Saturday’s Theme Music

Mood: impetuous

We’re here until we’re not.

Slipperday, October 28, 2023, skated into Ashlandia, where people walk carefully in the shadows, wary that their feet will find ice and take them down. Spiky clumps of green grass stand tall, sprayed white, and stiff with cold. A wind keen with an icy edge lashes the house. It’s 31 F outside but no fear; sunshine is lifting over the trees and mountains. Soon the sun will gain enough elevation to pump some heat into the moment. We’ll be sizzling in the mid-50s F by the mid afternoon.

Warmer weather is on the way.
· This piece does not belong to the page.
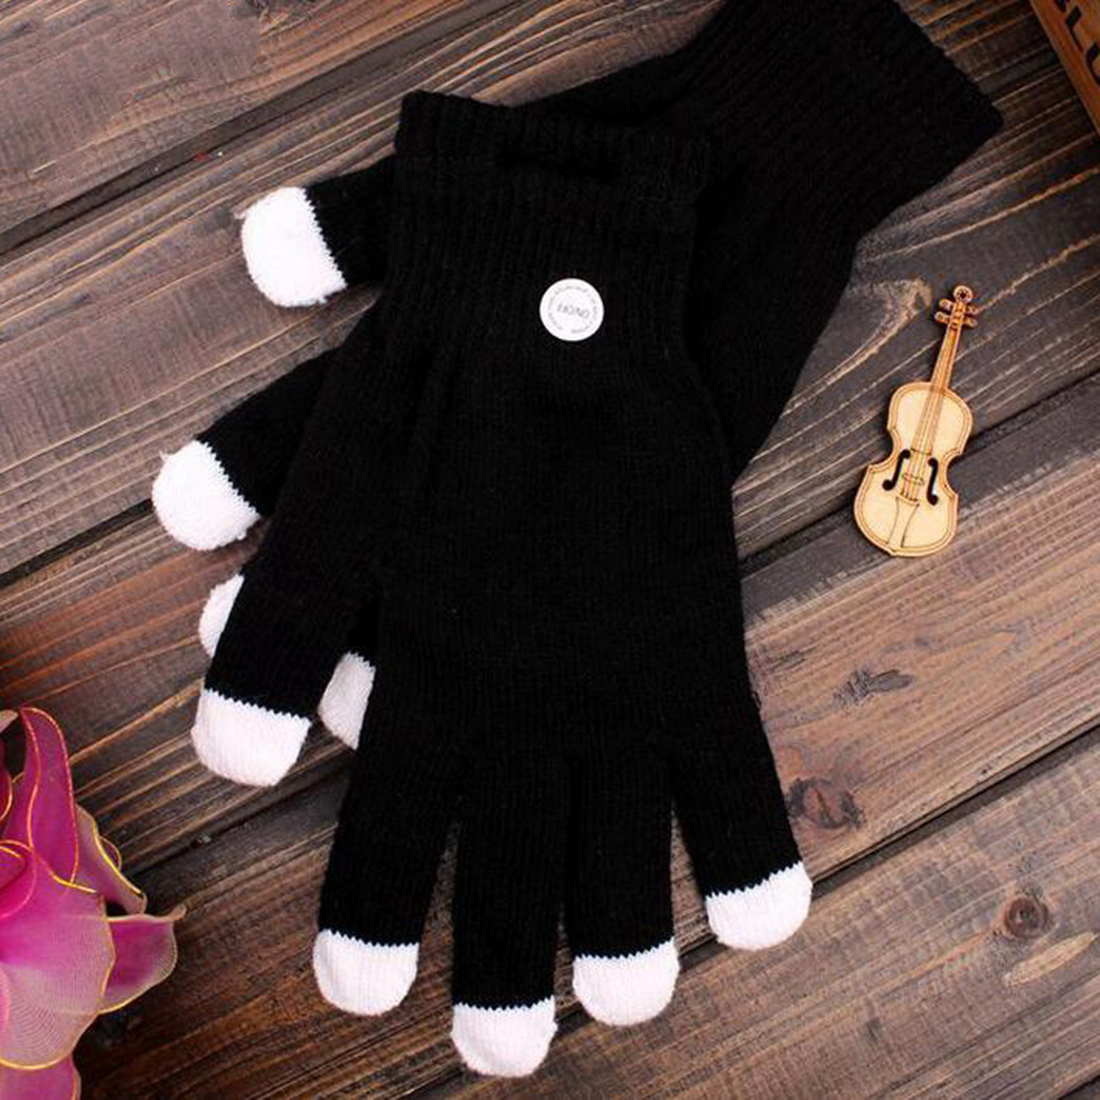 New Magic Flash Fingertip Led Gloves Unisex Light Up Glow Stick Gloves Mittens Fingertip Led Luminous Gloves Apparel Accessories

November’s early days next week will take us into the mid to upper sixties as autumn entertains a last hurrah before December flexes in. All we can do is watch and adjust, and brace for holidays.
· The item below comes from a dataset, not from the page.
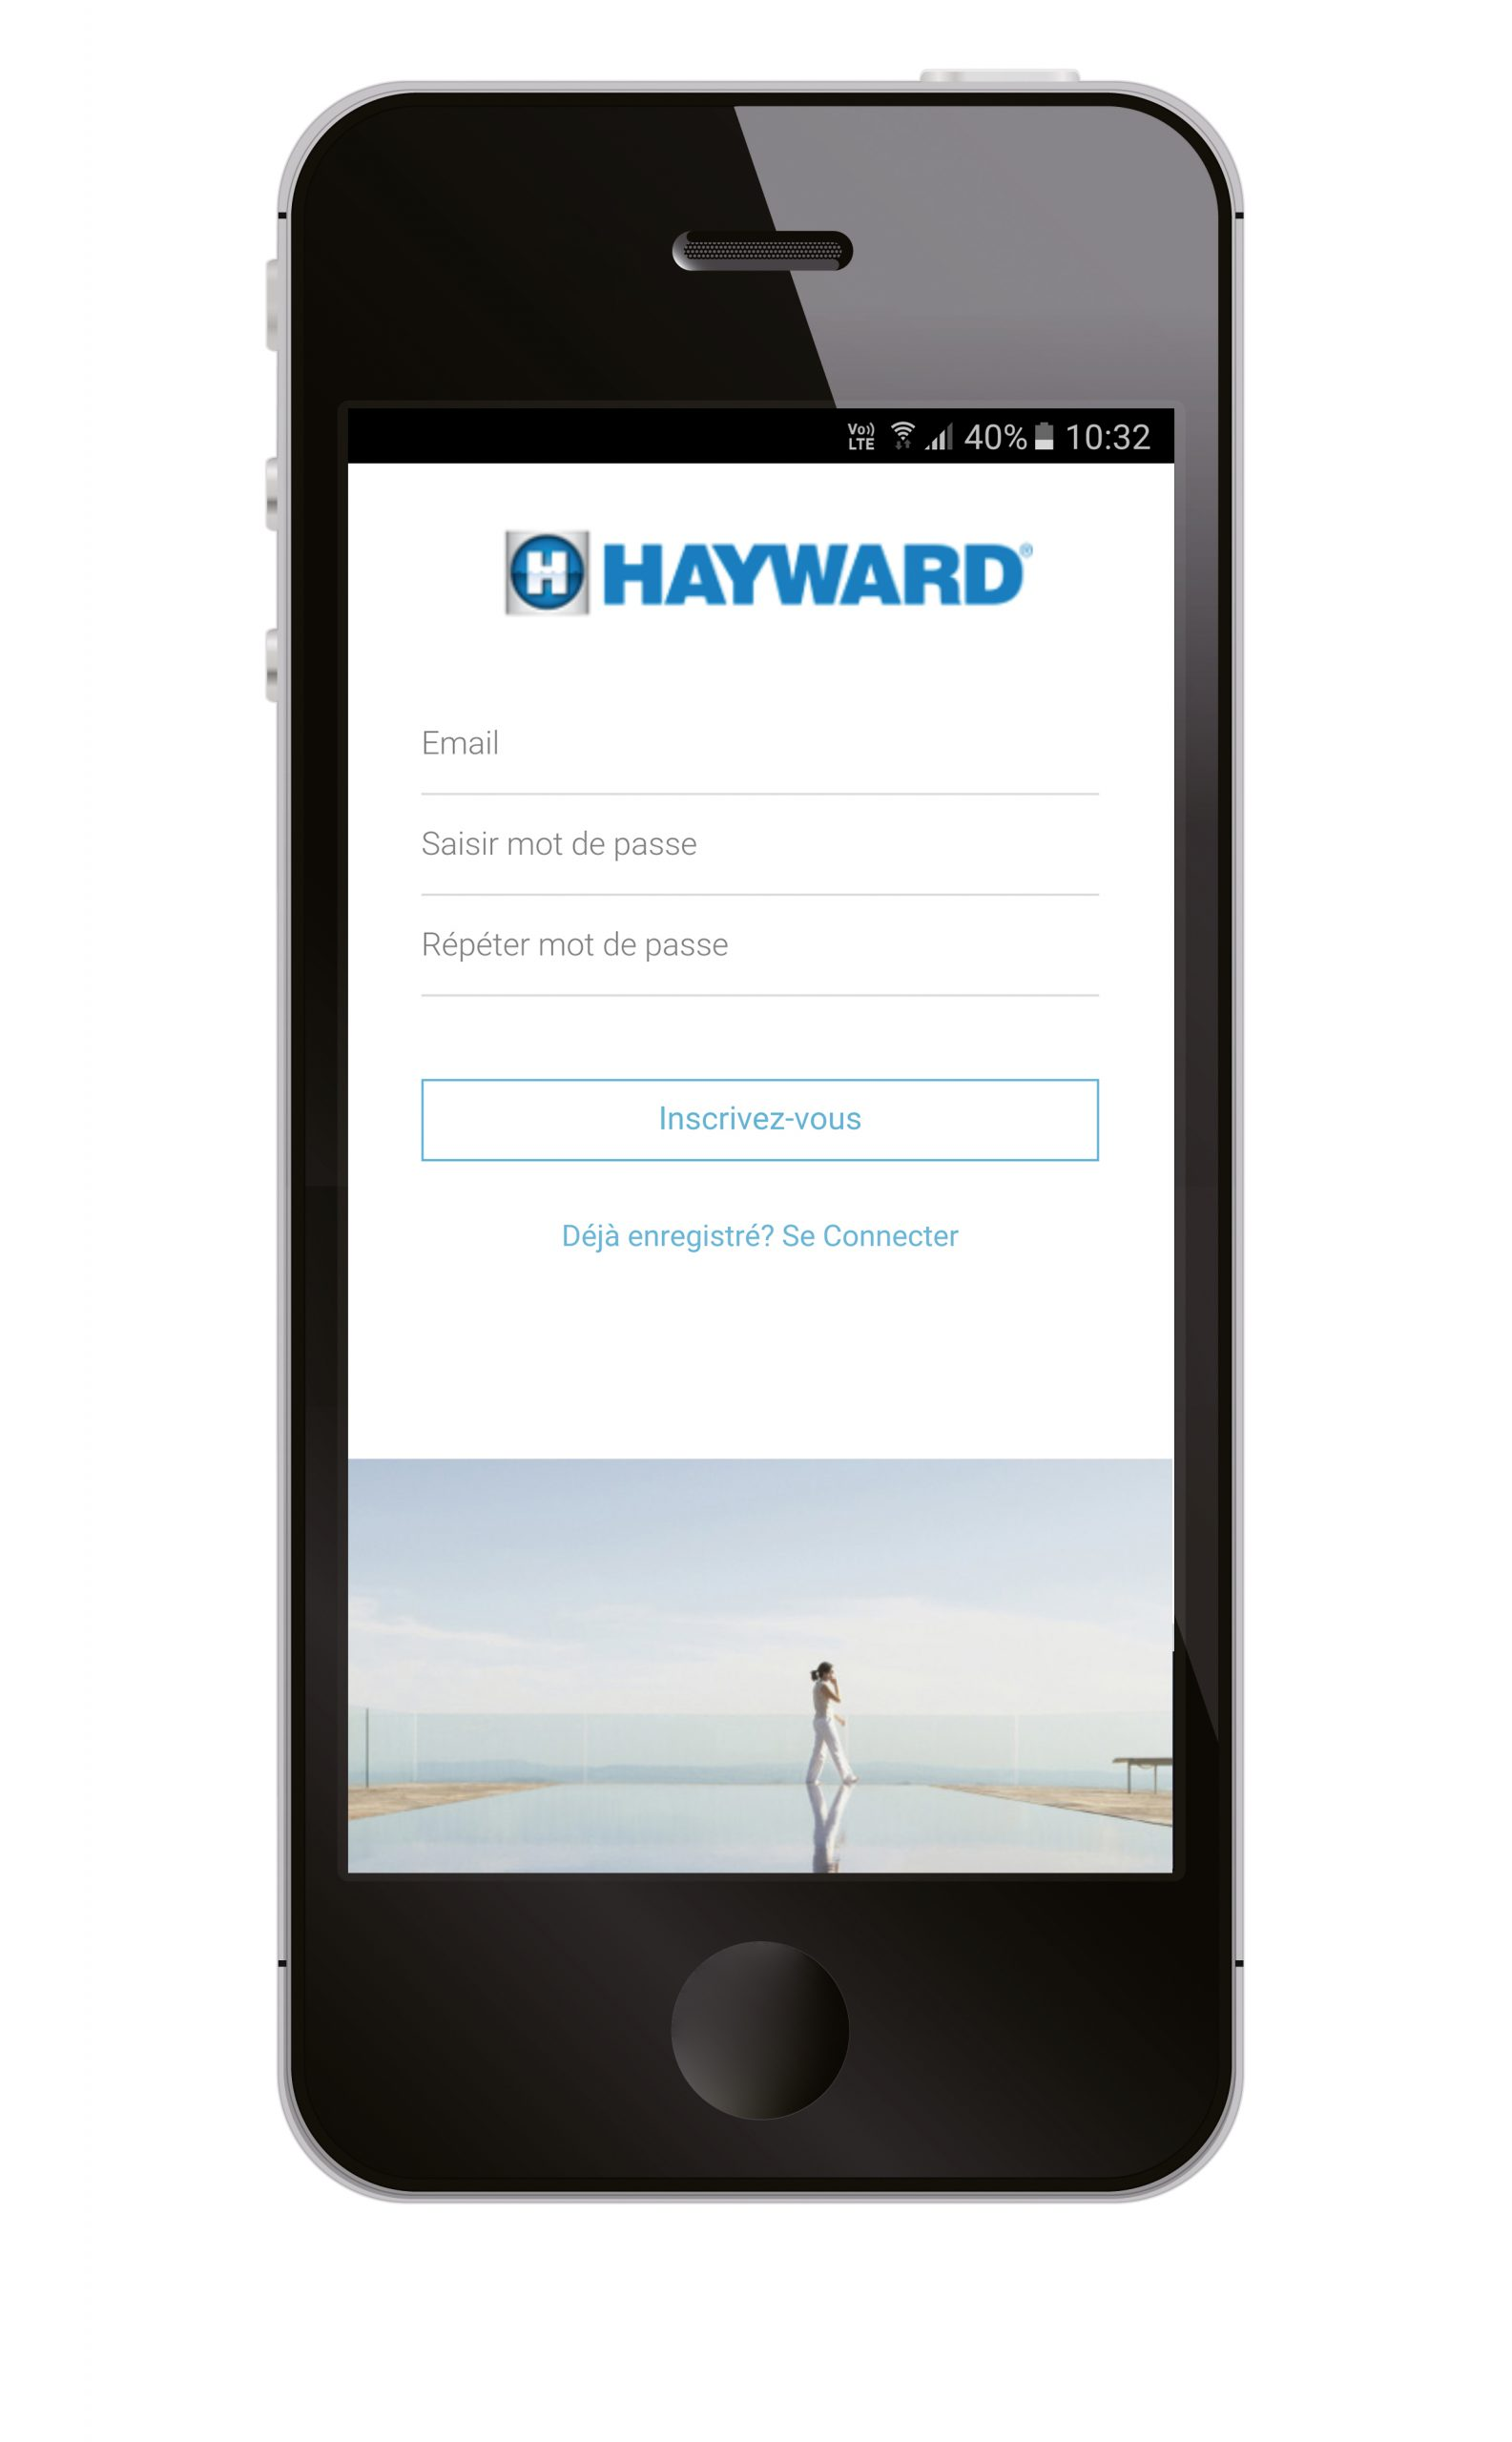 Hayward Control Station concernant Thermometre Piscine Connecté

I have “Burning Down the House” by Talking Heads ringing out in the morning mental music stream (Trademark burning). The Neurons put it in there after a convo with friends and general remarks made about GOP intentions. Some thought they were burning down the house, others posited they were burning down the government, burning down the country, burning down the world, through their calculated disinterest, continuing efforts to manufacture and stoke divisions and fears.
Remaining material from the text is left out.